• WORK TO COMPLETE:
Transcribe the data exactly, pictures excluded.

• PROVIDED MATERIAL:
******************************

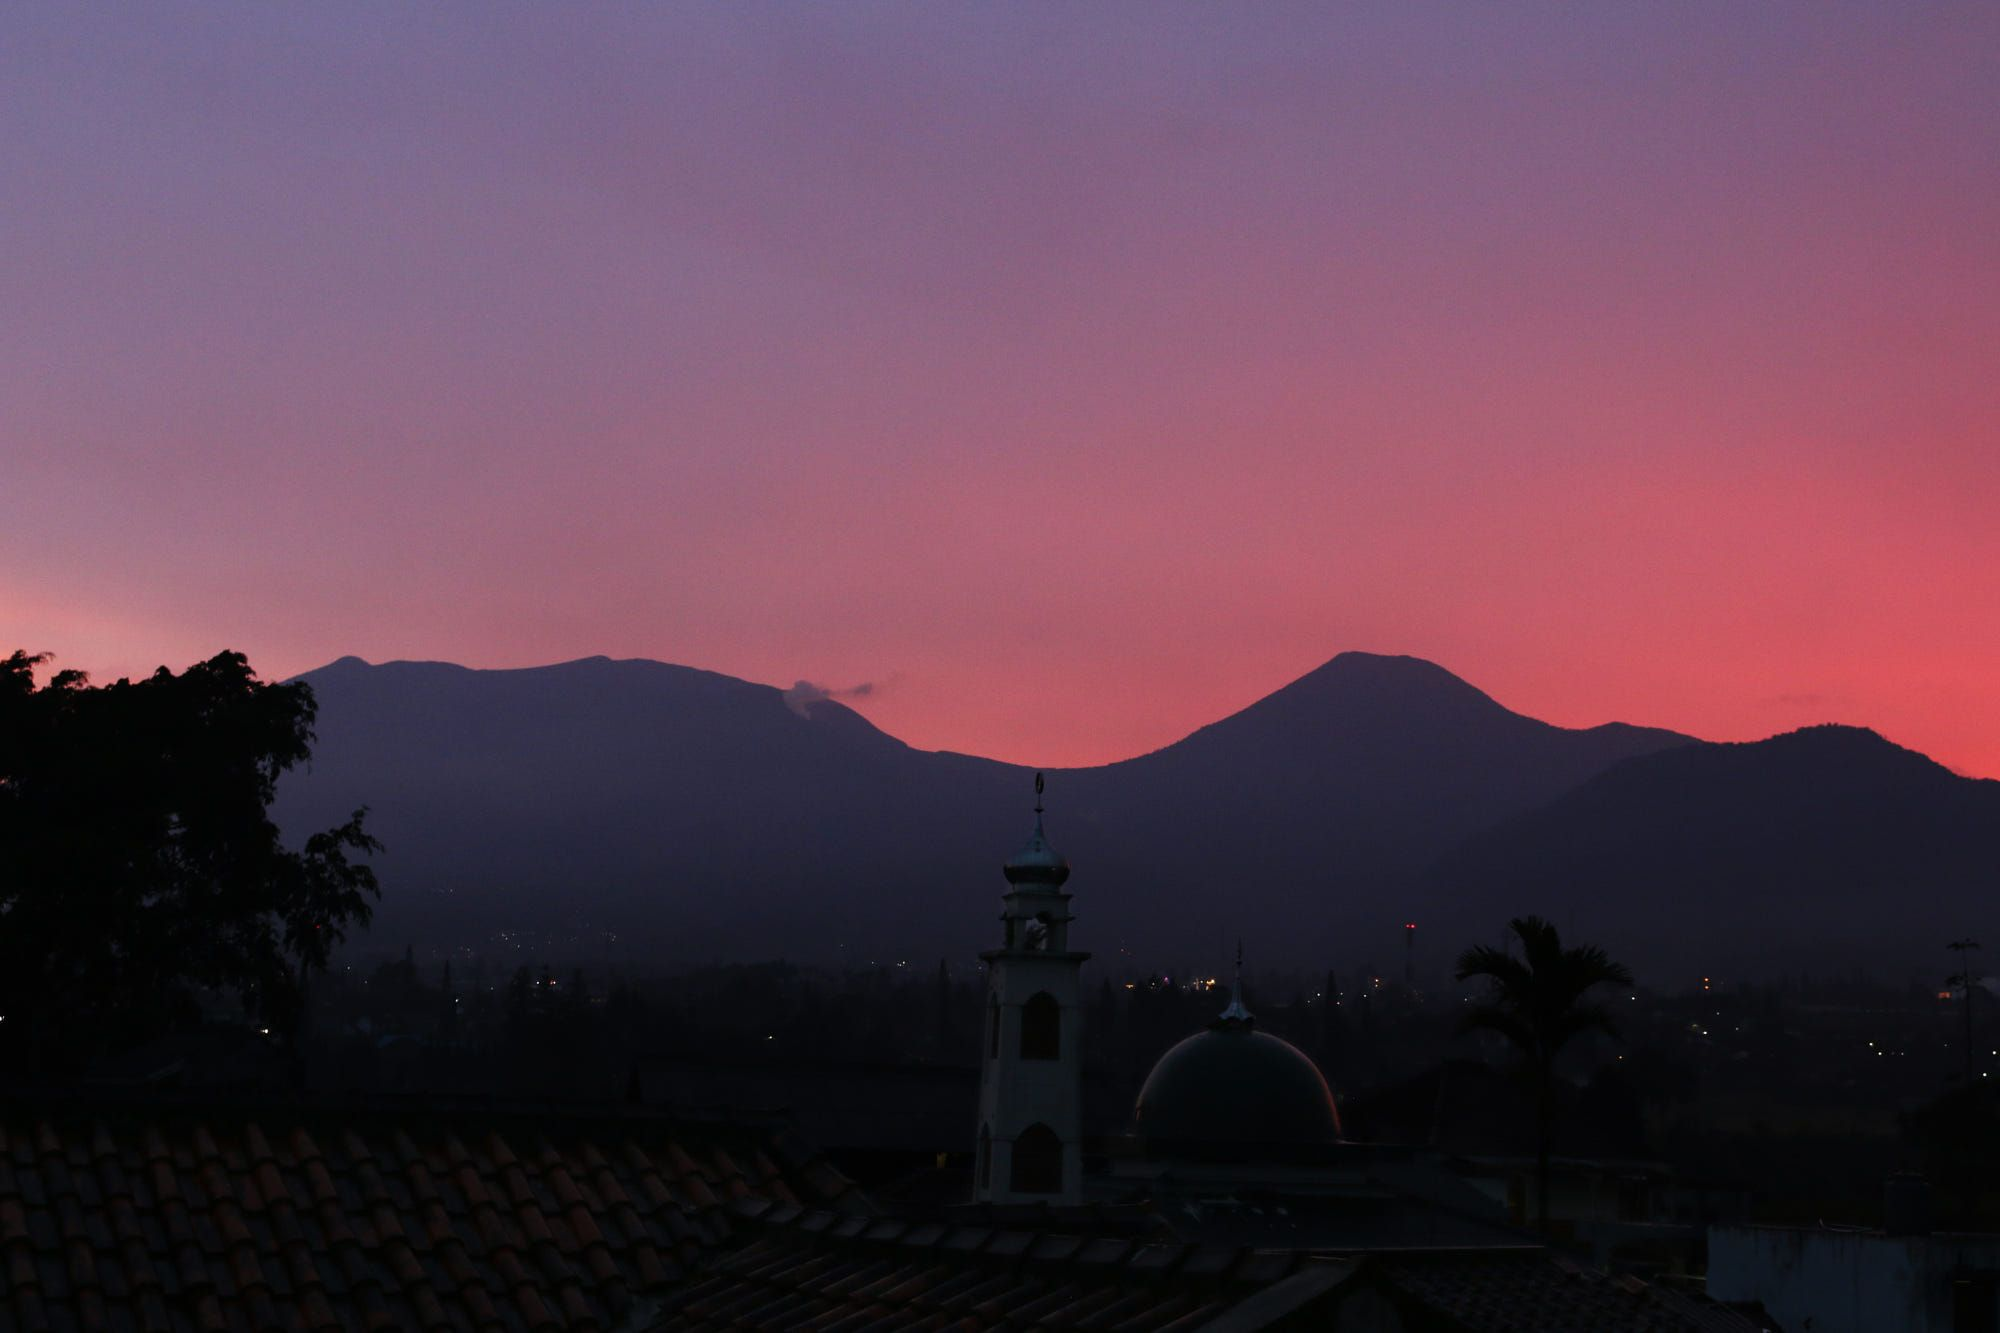 Mount Gede Pangrango Foto Alam Alam Firdaus
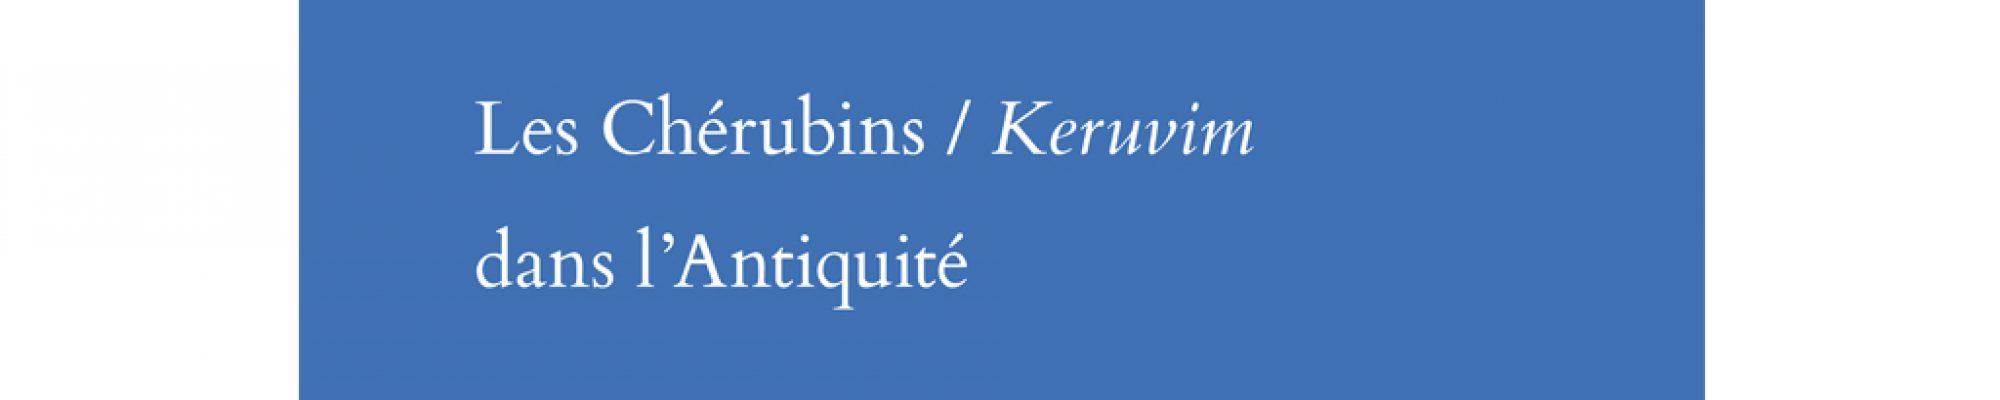 Kasion-6-Cherubins-Cover-fuer-Homepage-NEU
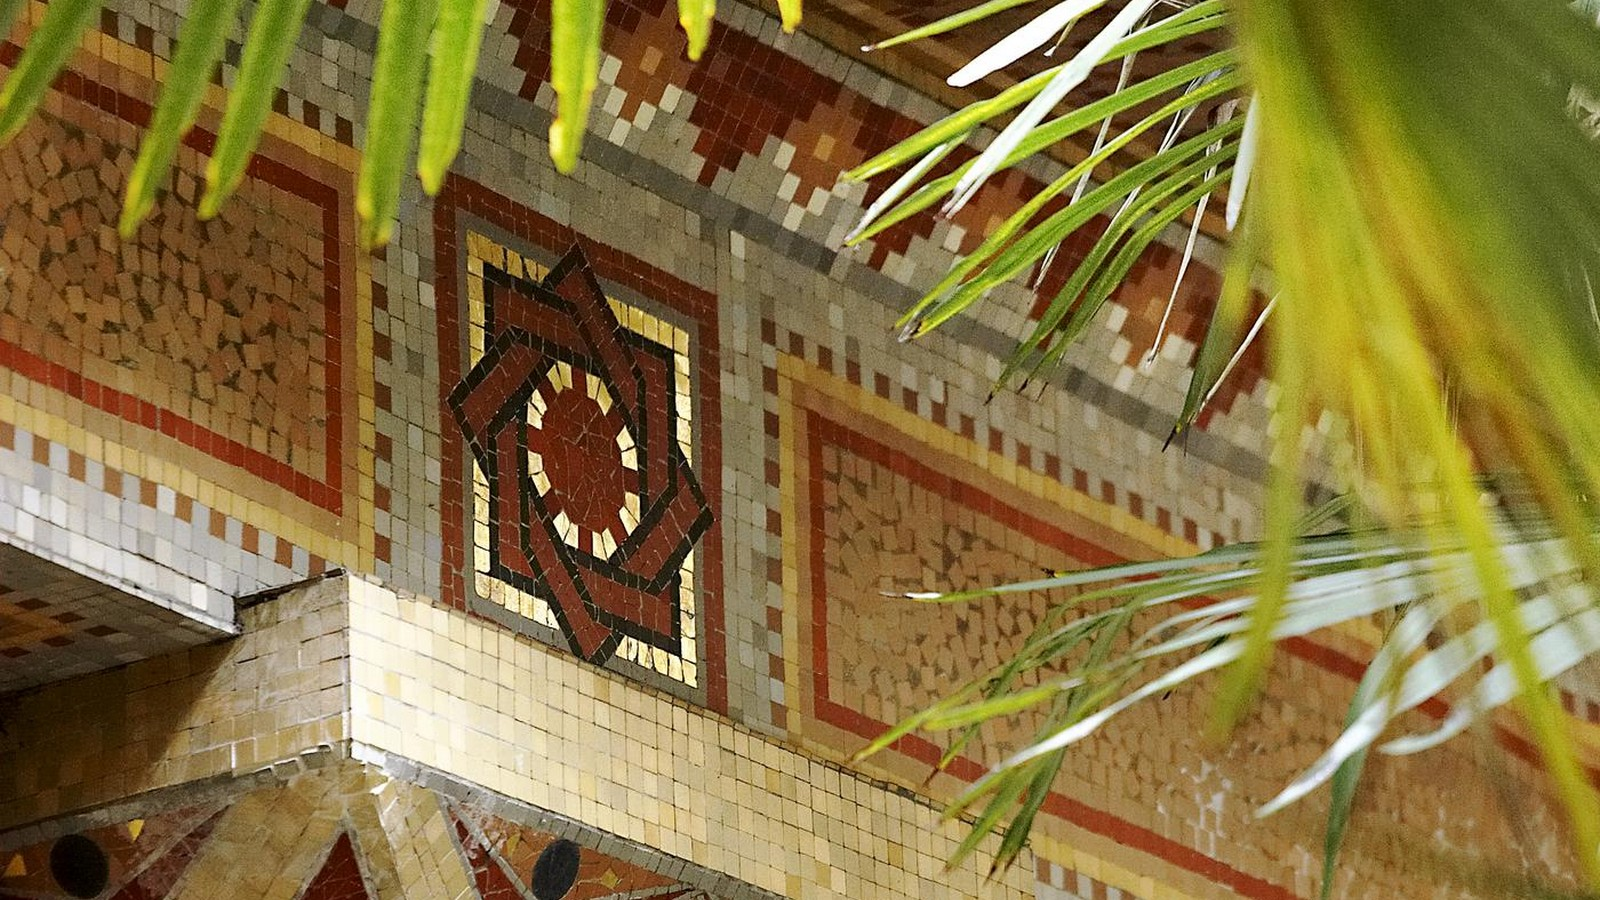 Mosaic detailing at the patio.

******************************

• SOLUTION:
 Mount Gede Pangrango Foto Alam Alam Firdaus
 Kasion-6-Cherubins-Cover-fuer-Homepage-NEU
 Mosaic detailing at the patio.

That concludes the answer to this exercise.